Primary resection and anastomosis with intraoperative colonic defecation in left colonic cancer with complete obstruction
10.3760/cma.j.issn.1673-4203.2009.05.007
- VernacularTitle:左半结肠癌肠梗阻术中排便一期切除吻合术的应用
- Author:
Xiaoan WANG
;
Yajun WANG
;
Fei LI
;
Yu FANG
;
Ang LI
;
Dongbin LIU
;
Jiabang SUN
- Publication Type:Journal Article
- Keywords:
colonic carcinoma;
intestinal obstruction;
resection and anastomosis
- From:
International Journal of Surgery
2009;36(5):305-307
- CountryChina
- Language:Chinese
-
Abstract:
Objective To assess the value of primary resection and anastomosis with intraoperative colonic defecation in the patients with obstructive left colonic cancer. Methods From January 2000 to January 2008, 39 patients undergoing emergency laparotomy for left colonic cancers with complete obstruction were analyzed retrospectively. Results The patients were 25 males and 14 females, with a median age of 68.5 years (range: 57~78 years).

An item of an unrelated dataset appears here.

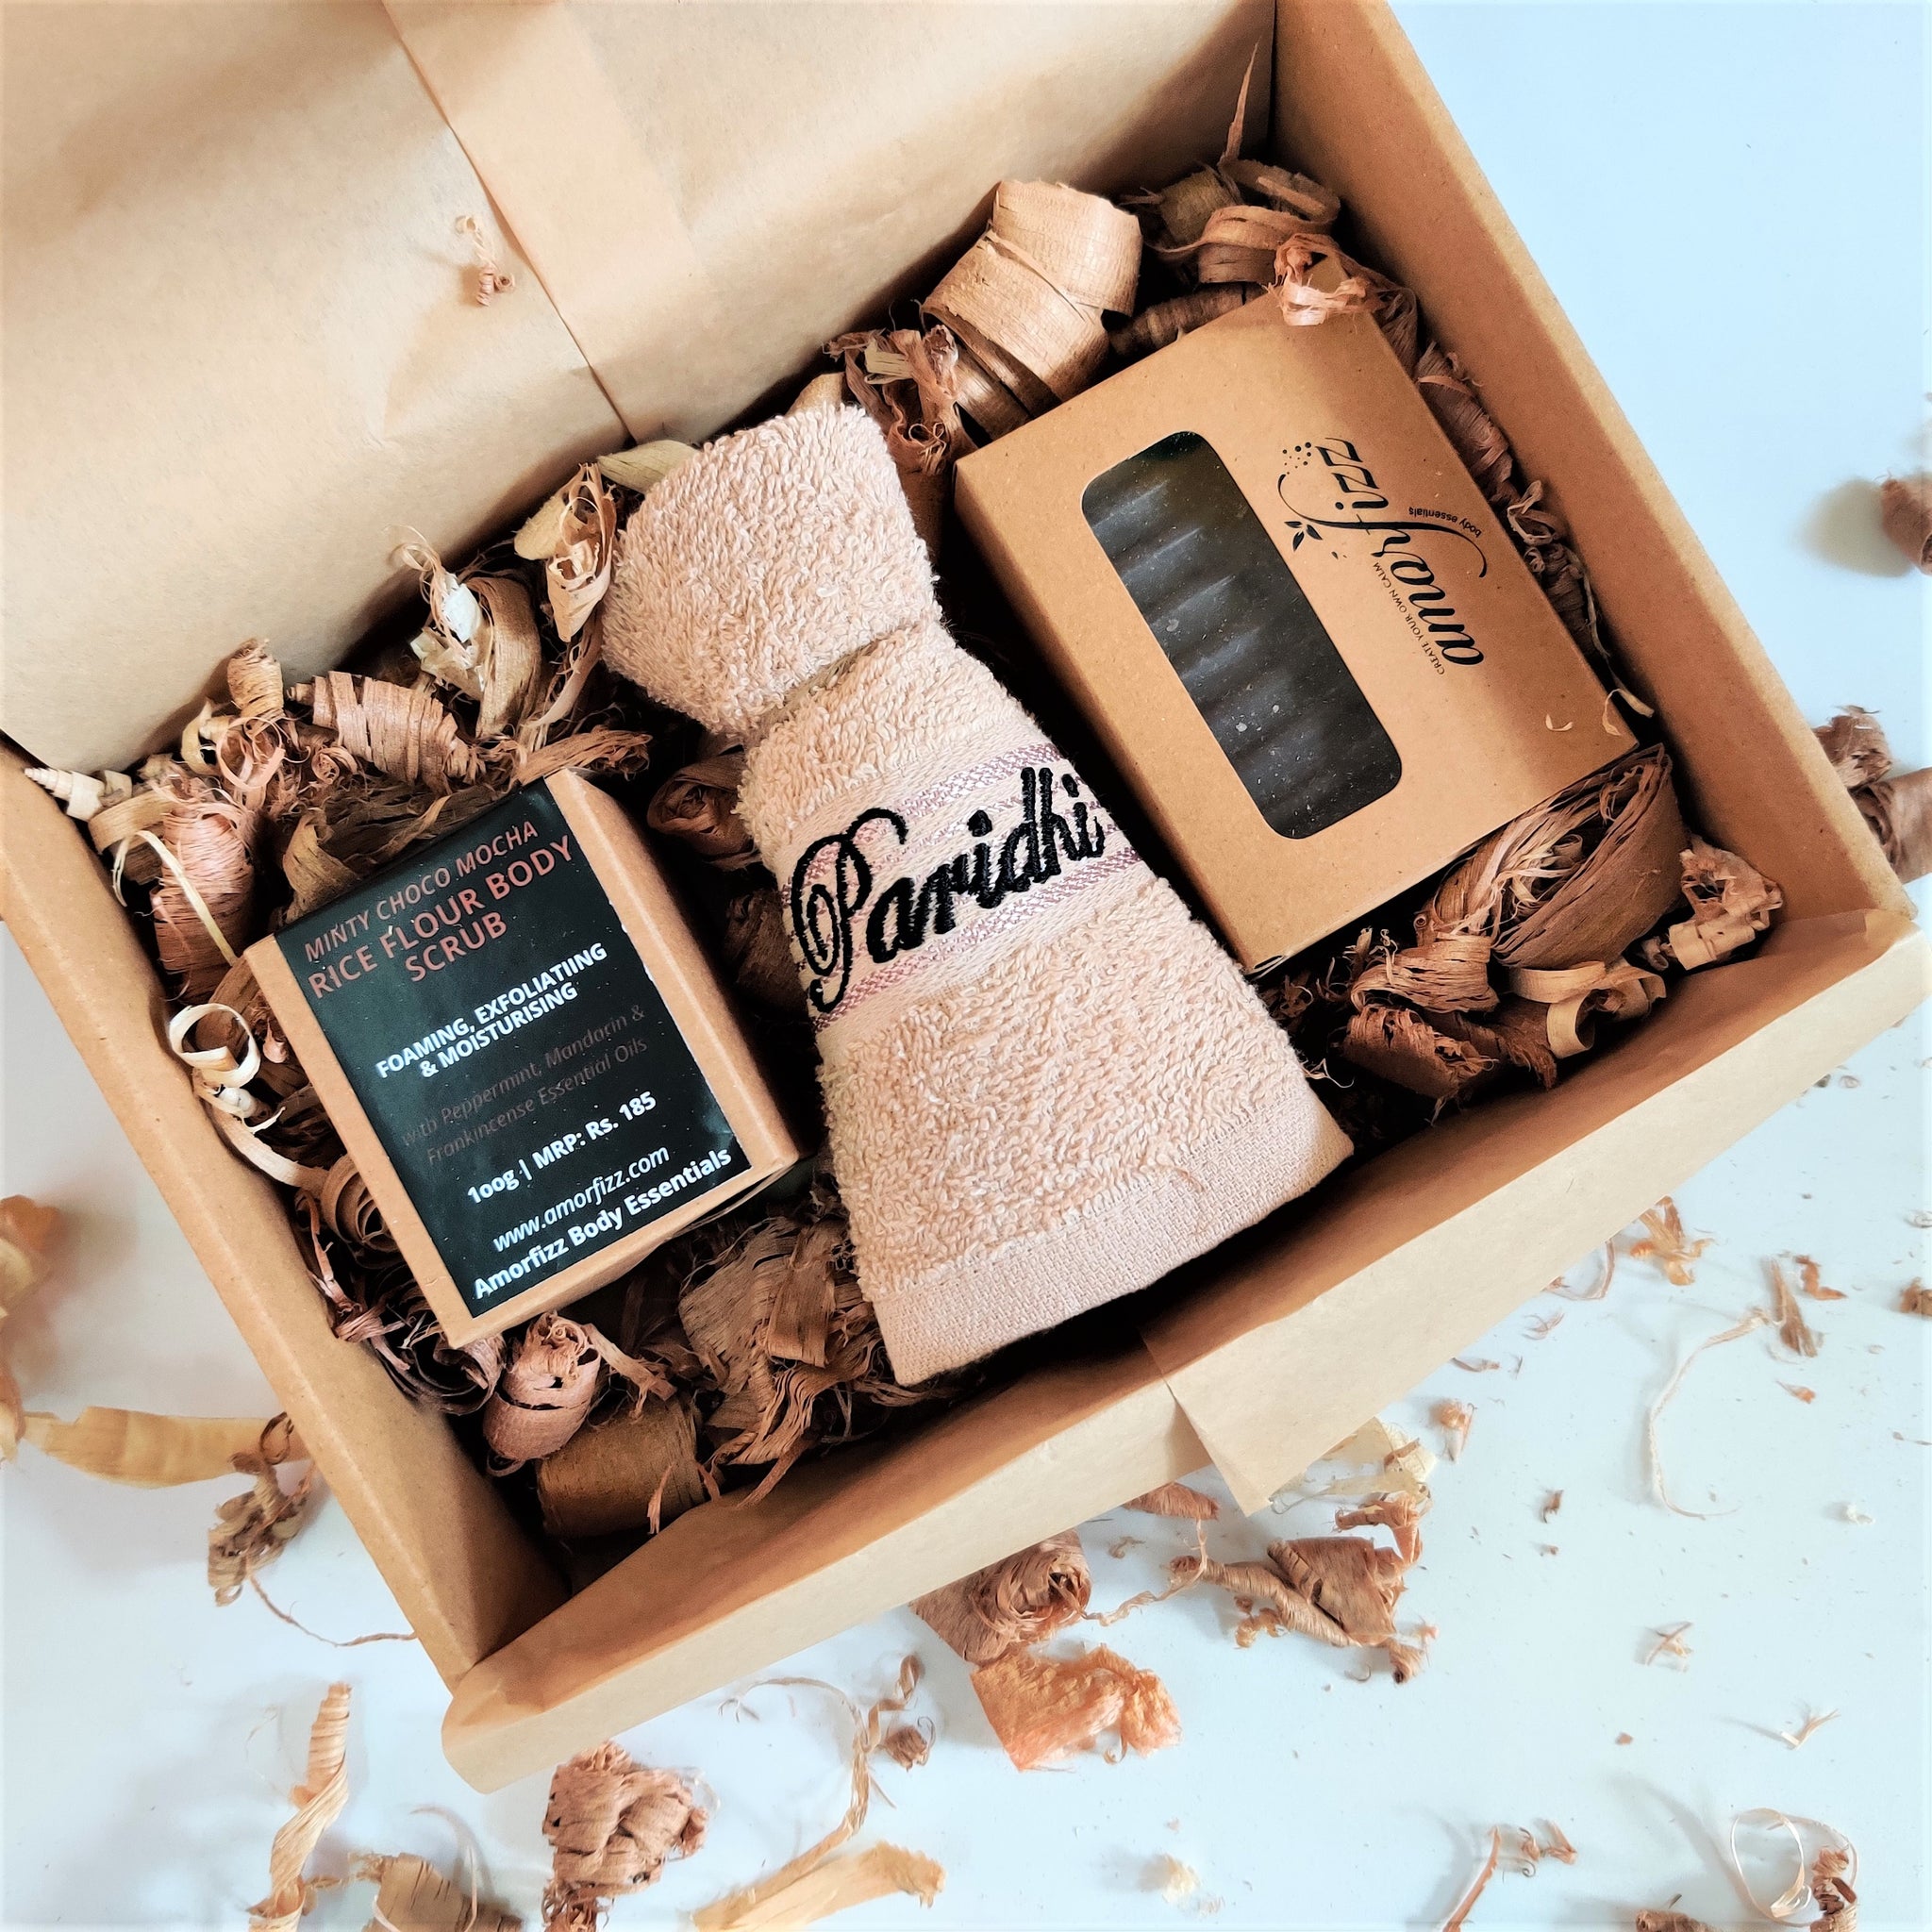 dantoy BIO Coffee Set in Gift Box

The primary tumors were located at splenic flexure (3/7.7%), descending colon (8/20.5%), sigmoid colon (15/38.5%), boundary of sigmoid colon and rectum (8/20.5%), and superior segment of rectum (5/12.8%). Primary resection and anastomosis with intraoperative colonic de-fection were performed in 18 patients with left hemicolectomy, 13 patients with sigmoid colectomy and 8 pa-tients with anterior resection. Early complications included wound infection in 4 patients (wound disruption in 1 patient) and pulmonary infection in 5 patients. One patient complicated with anastomotic leakage and intra-abdominal abscess died of tumor metastasis after reoperation. Another one died of respiratory failure secondary to pulmonary infection. Morbidity and mortality was 25.6% and 5.1% respectively. Conclusion Primary resection with intraoperative colonic defecation can be applied to patients with malignant colonic complete obstruction with good operative results.